本文章由计算机程序翻译，如有差异，请以英文原文为准。

求助全文

约1分钟内获得全文求助全文

来源期刊

Journal of Biomedical Informatics 医学-计算机：跨学科应用

CiteScore

8.90

自引率

6.70%

发文量

243

审稿时长

32 days

期刊介绍： The Journal of Biomedical Informatics reflects a commitment to high-quality original research papers, reviews, and commentaries in the area of biomedical informatics methodology. Although we publish articles motivated by applications in the biomedical sciences (for example, clinical medicine, health care, population health, and translational bioinformatics), the journal emphasizes reports of new methodologies and techniques that have general applicability and that form the basis for the evolving science of biomedical informatics. Articles on medical devices; evaluations of implemented systems (including clinical trials of information technologies); or papers that provide insight into a biological process, a specific disease, or treatment options would generally be more suitable for publication in other venues. Papers on applications of signal processing and image analysis are often more suitable for biomedical engineering journals or other informatics journals, although we do publish papers that emphasize the information management and knowledge representation/modeling issues that arise in the storage and use of biological signals and images.

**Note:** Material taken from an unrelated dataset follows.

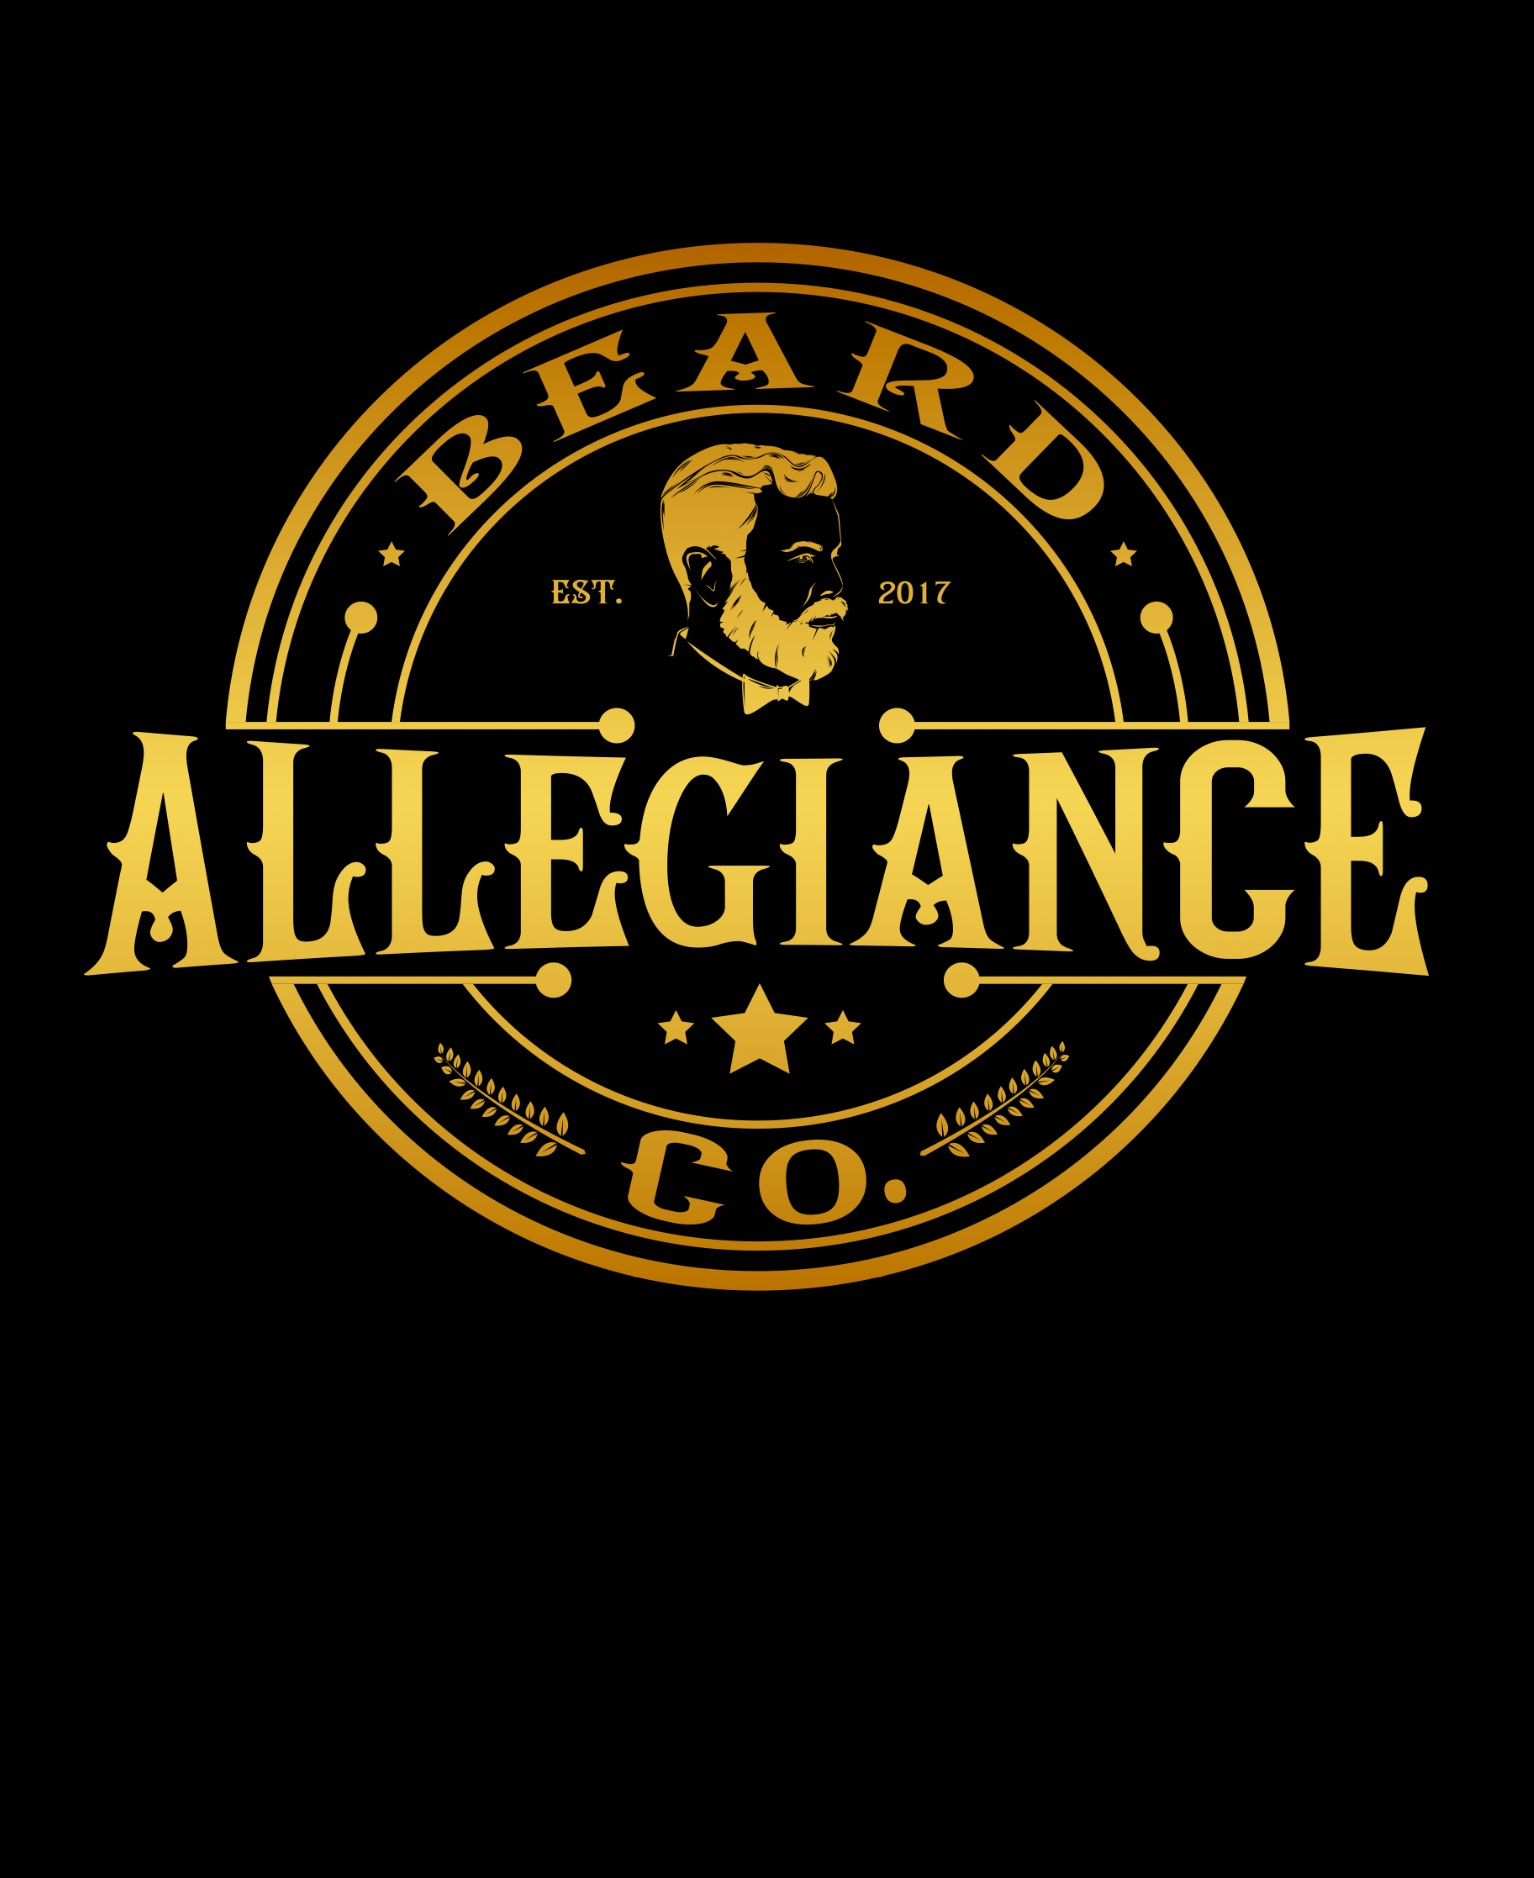 Allegiance Beard Co.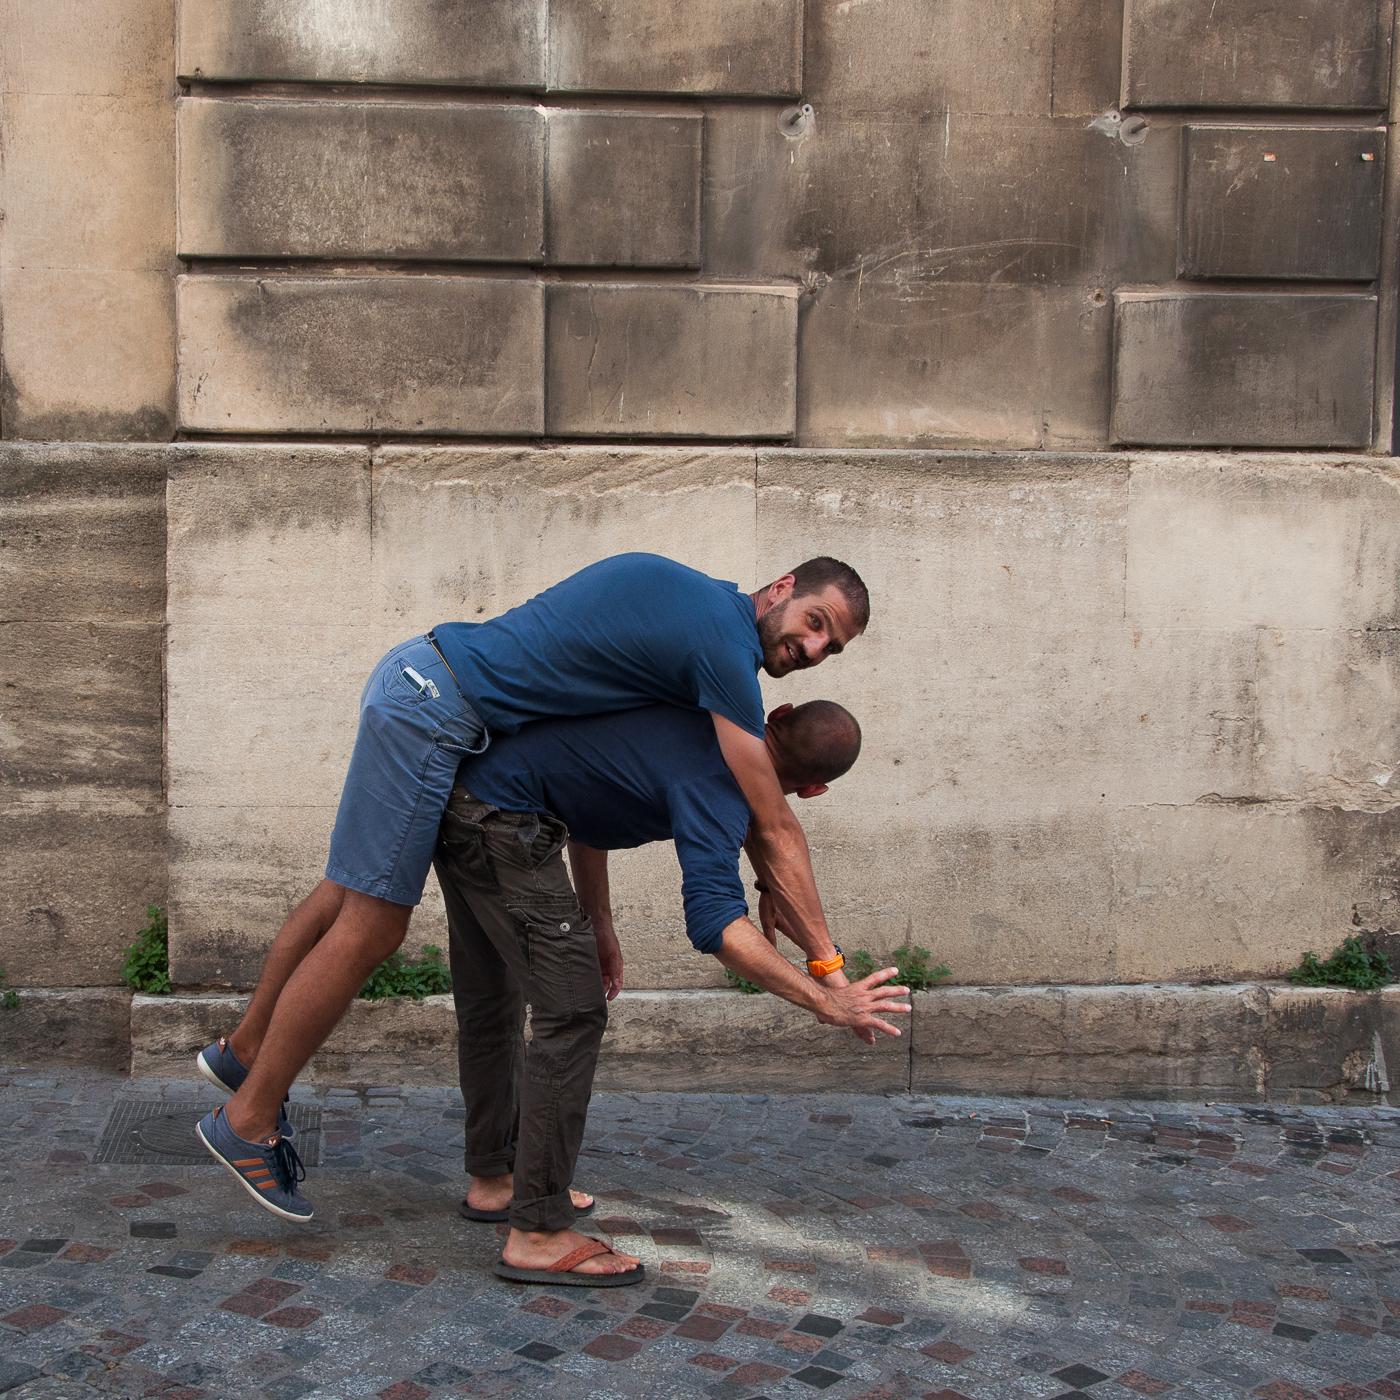 Arles 2015 - Sur le dos

System descriptions are welcome if they illustrate and substantiate the underlying methodology that is the principal focus of the report and an effort is made to address the generalizability and/or range of application of that methodology. Note also that, given the international nature of JBI, papers that deal with specific languages other than English, or with country-specific health systems or approaches, are acceptable for JBI only if they offer generalizable lessons that are relevant to the broad JBI readership, regardless of their country, language, culture, or health system.